Ancak, madalyonun bir de öteki yüzü var.
Kadınlar anneliği daha küçücük bir çocukken annesinden öğrenmeye başlar. Oyuncakları at, silah değil, bebektir. Bütün gün bebeğini sallar, kâh emzirir, kâh mama verir, kâh altını değiştirir. Onunla konuşur, bazen isyan edip bir kenara atsa da büyüyünceye kadar bebeğinden asla vazgeçemez.
Annesinin ona yaptığını, o da bebeğine uygulayarak annesini modeller. Anne olmasa da annelik kavramını beyninin en ücra köşesine yerleştir. O da; annesi gibi büyüyünce evlenip, çocuk doğuracak ve anne olacaktır. O küçücük kızları şekillendiren bebekler çoğunun çeyizinde koca evine kadar da gider.
Bir de evlenmeyi hayal edip evlenemeyenler vardır. Bunlar çoğunun tabiriyle “Sen anne olmadığın için bilemezsin” dedikleri “evde kalmış kız kuruları”dır.

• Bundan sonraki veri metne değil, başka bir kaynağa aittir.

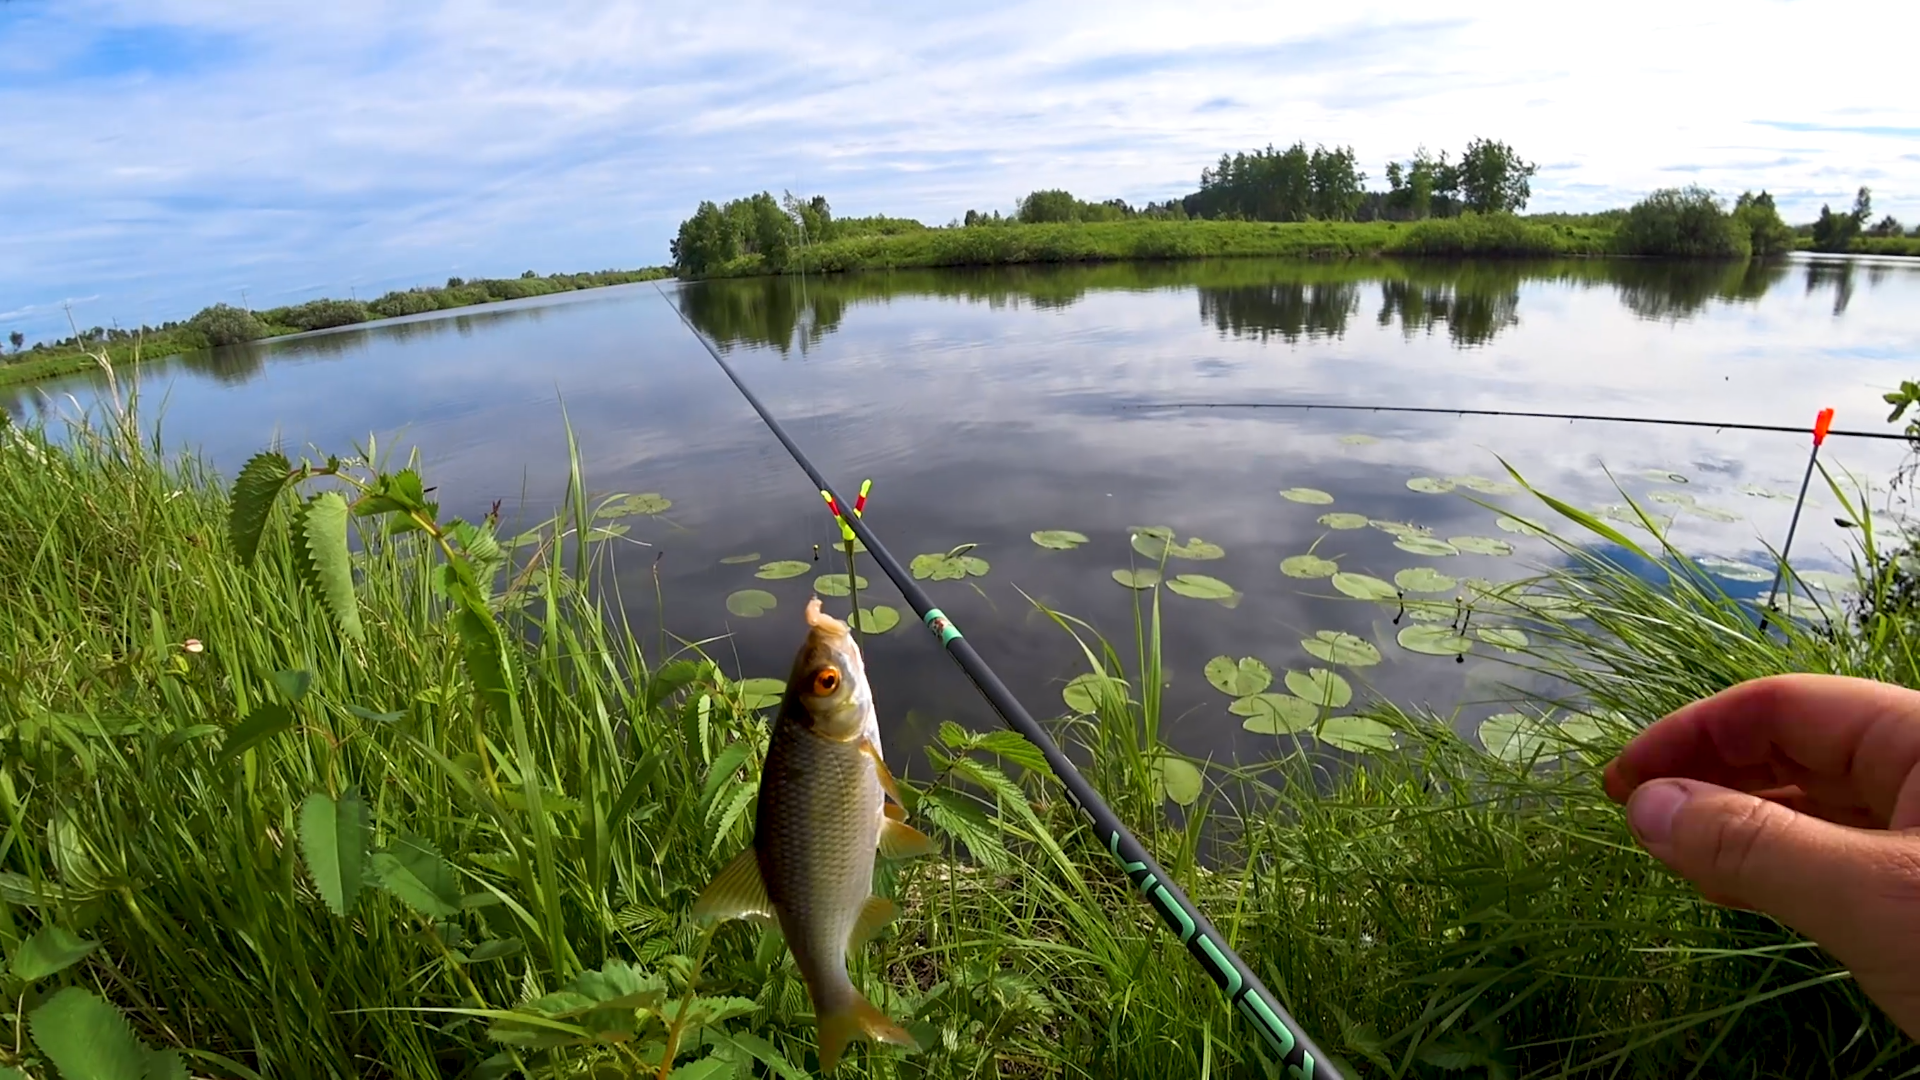 Рыбалка на карася на озерах. Поплавок на окуня. Рыбалка на озере. Поплавочная рыбалка. Поплавок для рыбалки на озере.

Oysa ki bunlar; bedenlerini ihmal ederek “aseksüel kadınlara” dönüştürülen kızlardır. Dolayısıyla doğuştan var olmayan ancak morfin gibi yavaş yavaş alıştırılan annelik duygusunu ihtiyacı olan herkese dağıtmaya başlarlar: Kardeşlerine, yeğenlerine ve başkalarının çocuklarına… Onlar herkesin “cici” annesidir.
Evde kalmış bu kız kuruları, çoğunlukla kendilerini ailelerine, kardeşlerine adarlar. Her an yardıma koşmaya hazırdırlar. Yeğenlerinin, kardeşlerinin doğum günlerini ihmal etmezler. Parasal desteğe hazır teyzeler ve halalardır. Hatta edindiği malları, mülkleri de gizliden gizliye yeğenlerine bölüştürürler. Bazen de bir ya da iki tanesini evlat bile edinirler.
Görünüşe göre bu “cici anneler” çok sevilirler. Oysa, bunlar asla biyolojik annenin yerini tutmazlar. “Herkes çıktığı deliği tanır” sözü de boşuna değildir.
Kendini ailesine, kardeşlerine ve yeğenlerine adayan bu evde kalmış kız kurularının emekleri çoğu zaman unutulur ya da yok sayılır.
İşte ben bugün çoğu zaman unutulan ve yok sayılan anne olmayan ama yaşamı boyunca annelik duygusuyla malını, mülkünü ve her şeyden önemlisi koşulsuz sevgisini herkese dağıtan kız kurularının “anneler gününü” kutluyorum.